I bought Fz 150 from zoomin.com but now the company is giving other brand pouch .
Can any one upload the camera pouch that comes with this camera?

Please help Its urgent..


----------



## sujoyp (Jun 26, 2012)

congrats bro...its a superb cam


----------



## sriharsha_madineni (Jun 26, 2012)

Even I didn't get any pouch from Zoomin initially for my FZ150, I complained about it as the package contents mentioned free pouch. They had sent me this case after that.
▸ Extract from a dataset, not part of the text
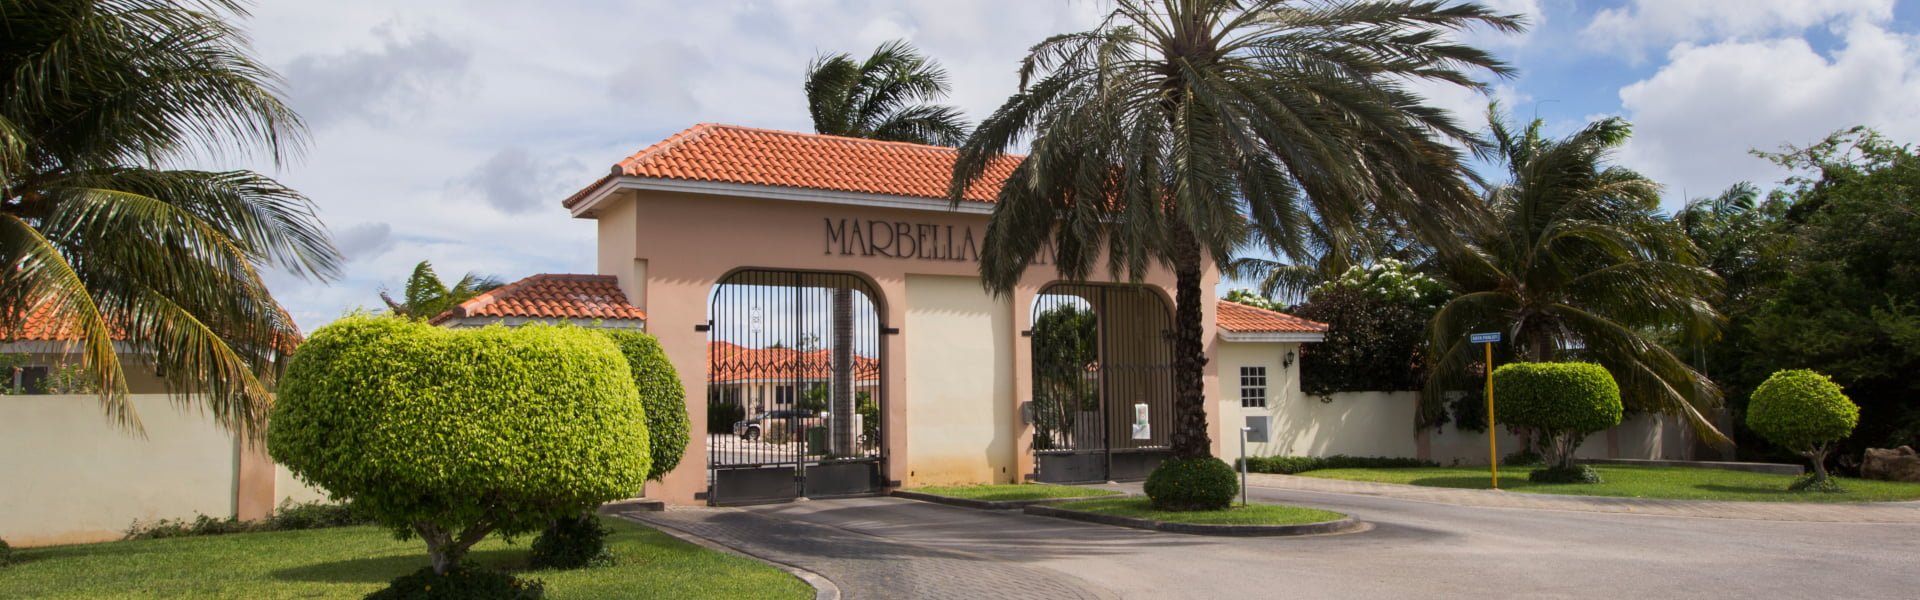 Vakantiehuizen marbella estate resort te huur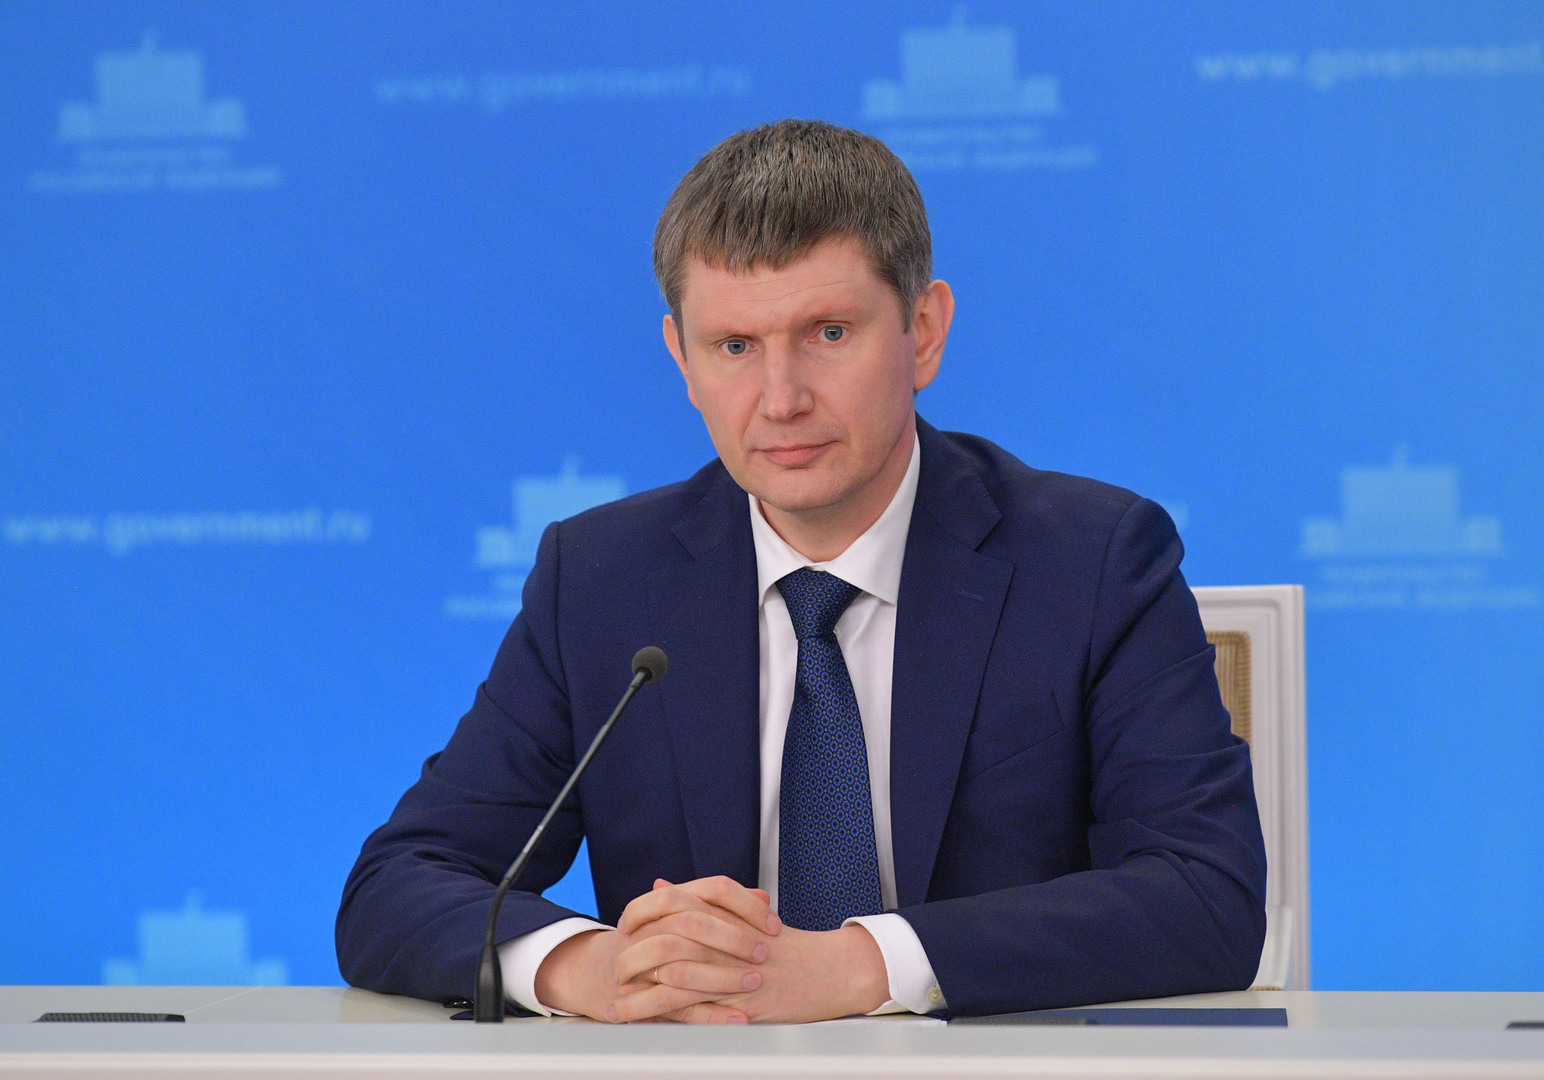 وزير الاقتصاد الروسي: عدد كبير من الشركات الأجنبية سيعود إلى روسيا

*img411.imageshack.us/img411/300/1p1030192.th.jpg
*img27.imageshack.us/img27/9241/1p1030193.th.jpg


----------



## pinga123 (Jun 27, 2012)

Thanks for quick reply . They said they will give me genuine panasonic pouch so i m not going to settle on 
Lowepro Rezo TLZ 10 (Black)| ZoomIn.


I asked them to deliver this.
DMC-FZ150 | PRODUCTS | LUMIX | Digital Camera | Panasonic Global


----------



## nac (Jun 27, 2012)

Congrats...

If you don't think Lowepro is good, fine... Go ahead and ask for Original Panny case. If you're OK with lowepro, better keep. Panny's case doesn't seems to be that good. It just fits the camera. No extra partition or anything to keep your memory card, hood etc...


----------



## sujoyp (Jun 27, 2012)

u r rejecting lowepro for a third party Panasonic bag  maybe its not a good idea


----------



## sriharsha_madineni (Jun 27, 2012)

pinga123 said:


> Thanks for quick reply . They said they will give me genuine panasonic pouch so i m not going to settle on
> Lowepro Rezo TLZ 10 (Black)| ZoomIn.
> 
> 
> ...




If they are offering you the Lowepro for free, I suggest you to take it. It's much better than the Pana one. And morever don't expect Panasonic to give the one's you linked as free, the free ones are cheap generic cases not the ones you think of 

Even I was offered the same lowepro rezo but they offered a discount price and not free, otherwise I would have grabbed it gleefully


----------



## pinga123 (Jul 2, 2012)

I m after genuine panasonic bag the one they offered me was not that good .


----------